### Task requirements
Every line of the listing should be retyped exactly, but none of the pictures should be.

### Information supplied
··········

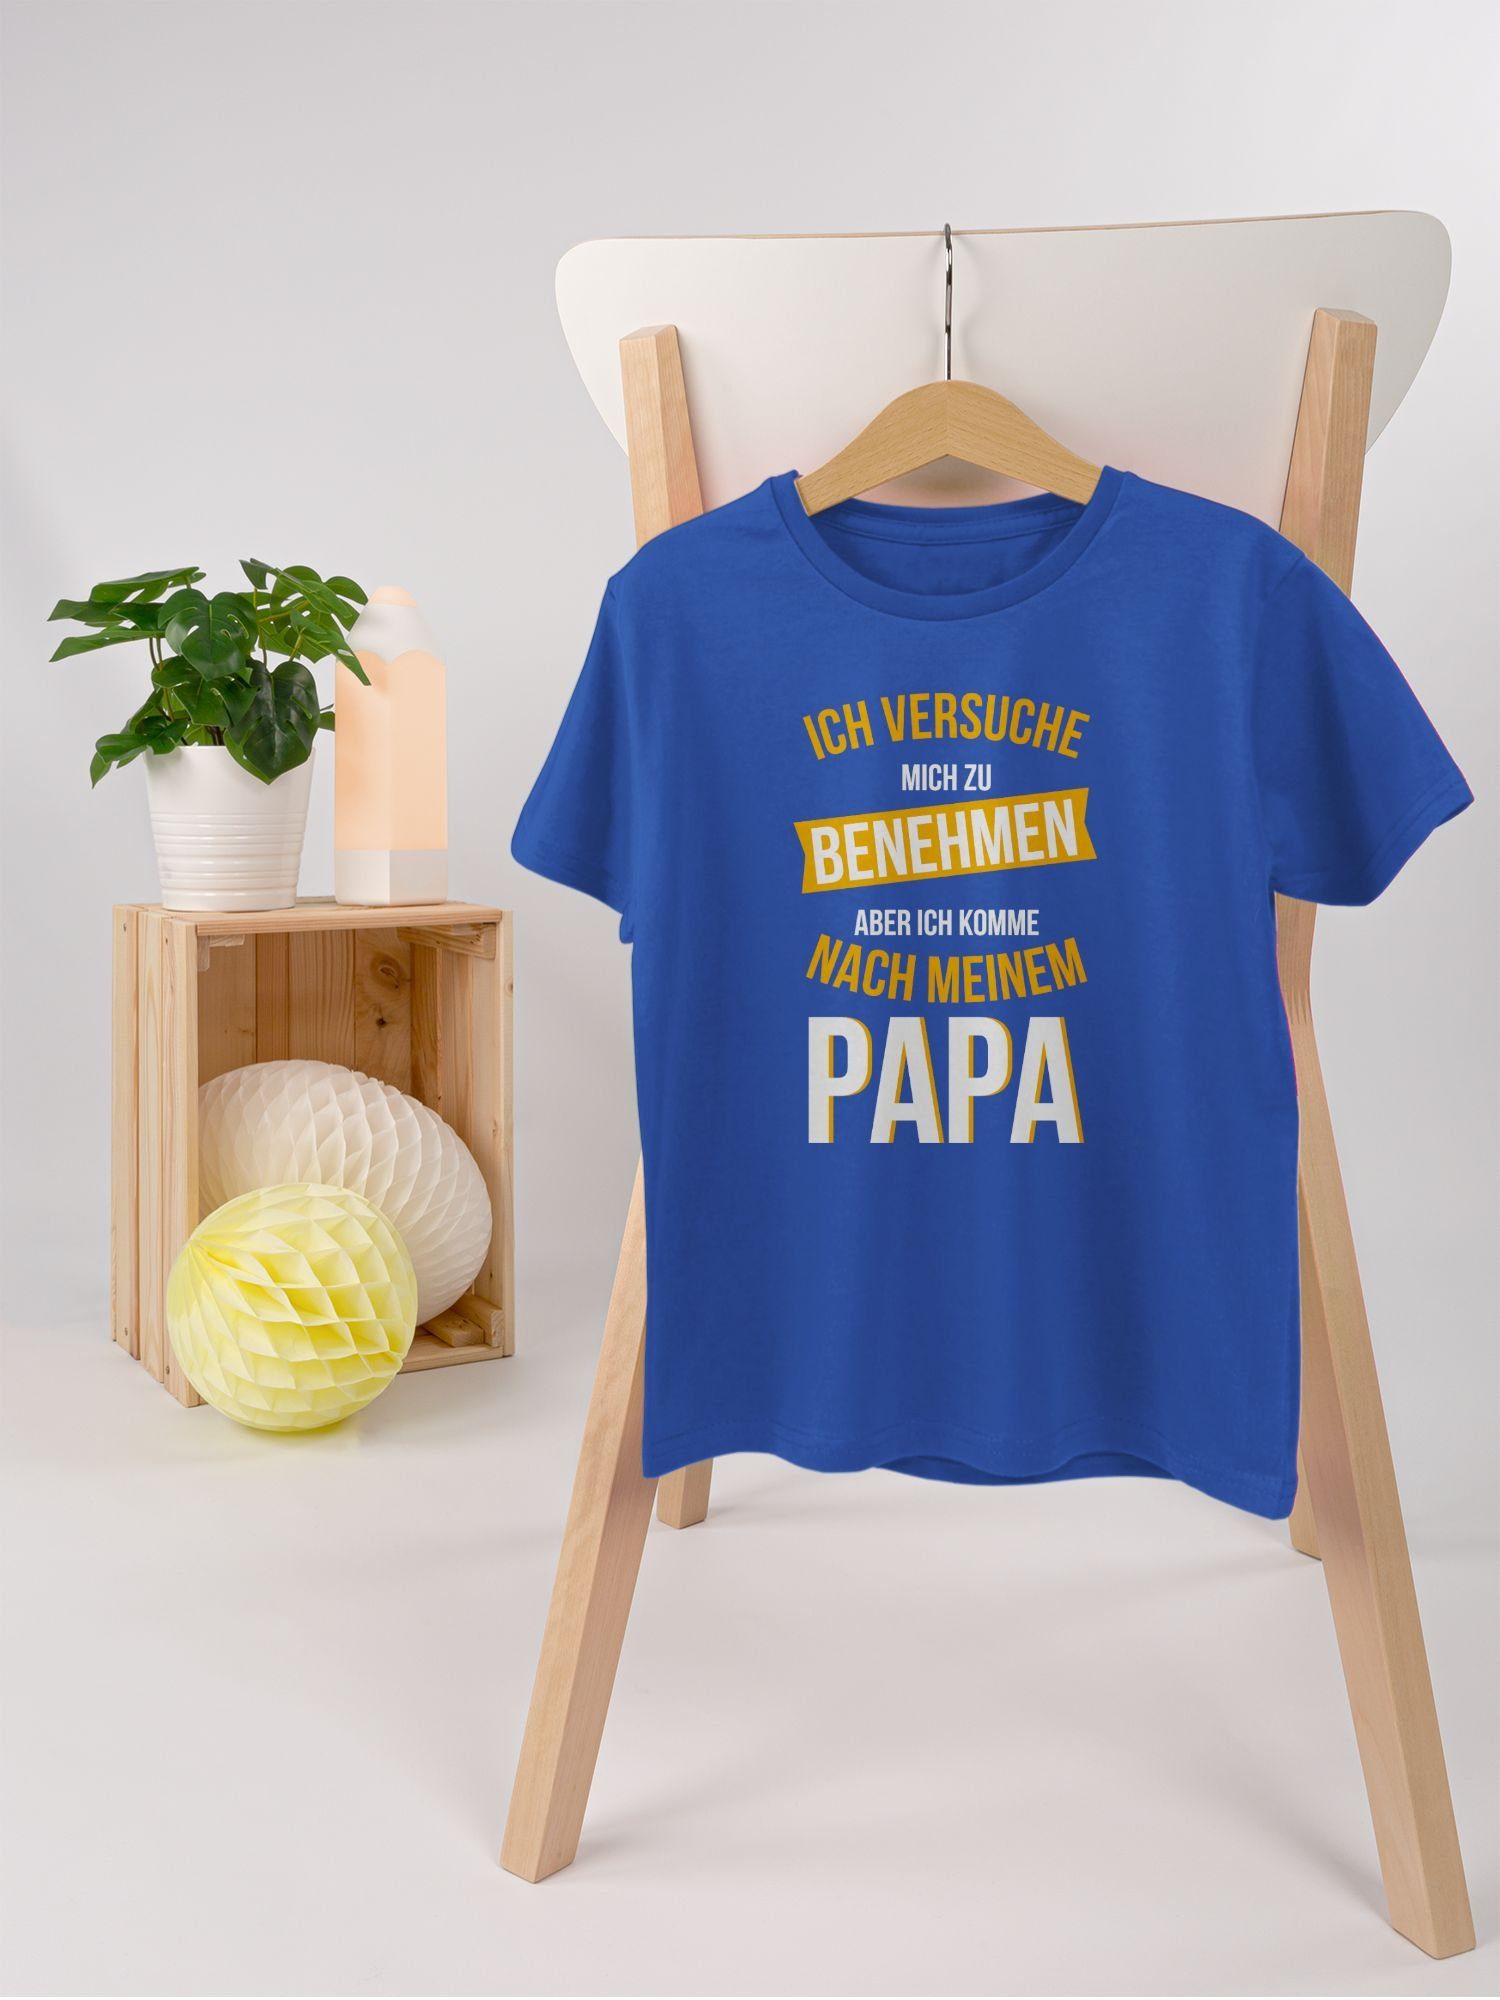 Shirtracer T-Shirt Versuche Kinder Statement Sprüche Papa Royalblau nach komme benehmen mich zu 2
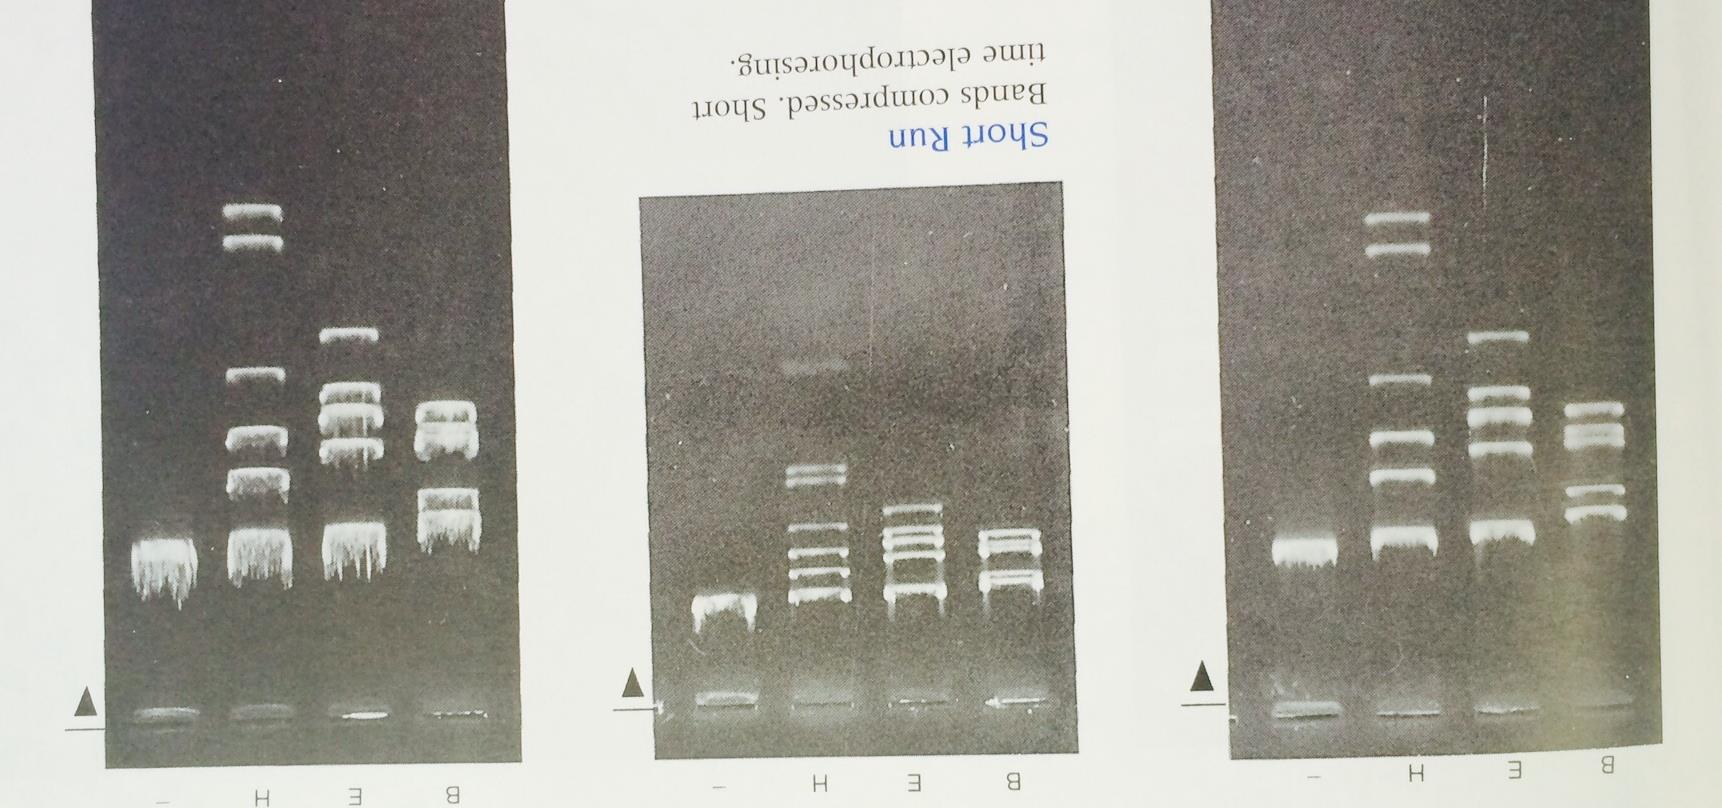 Diferentes perfiles de corrimiento del DNA del bacteriófago lambda digerido con diferentes enzimas de
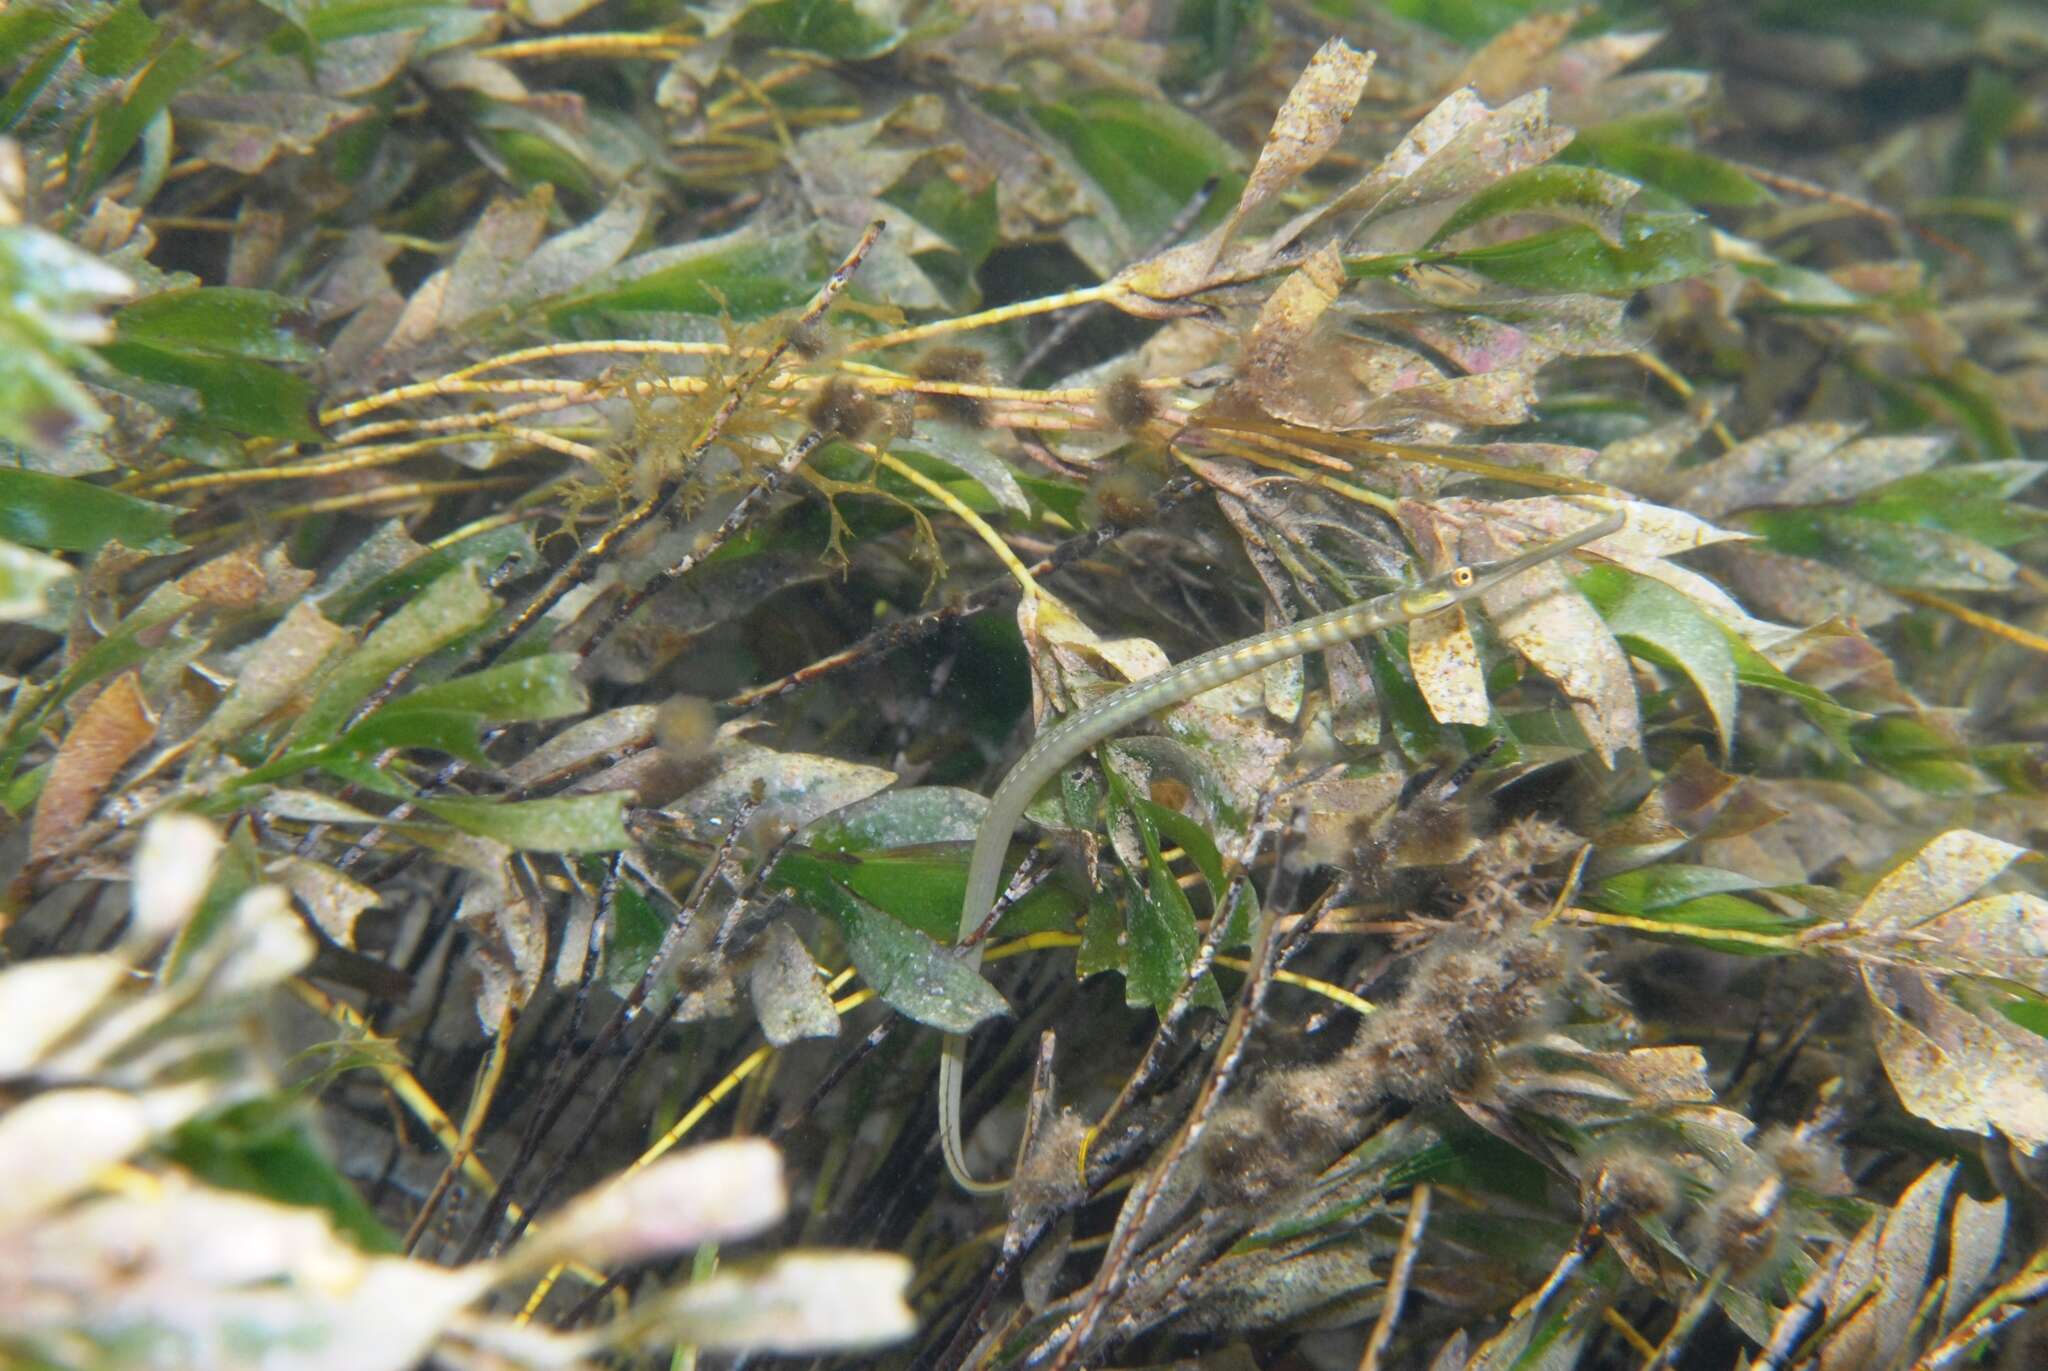 Image of Gulf pipefish

··········

### Written solution
 Shirtracer T-Shirt Versuche Kinder Statement Sprüche Papa Royalblau nach komme benehmen mich zu 2
 Diferentes perfiles de corrimiento del DNA del bacteriófago lambda digerido con diferentes enzimas de
 Image of Gulf pipefish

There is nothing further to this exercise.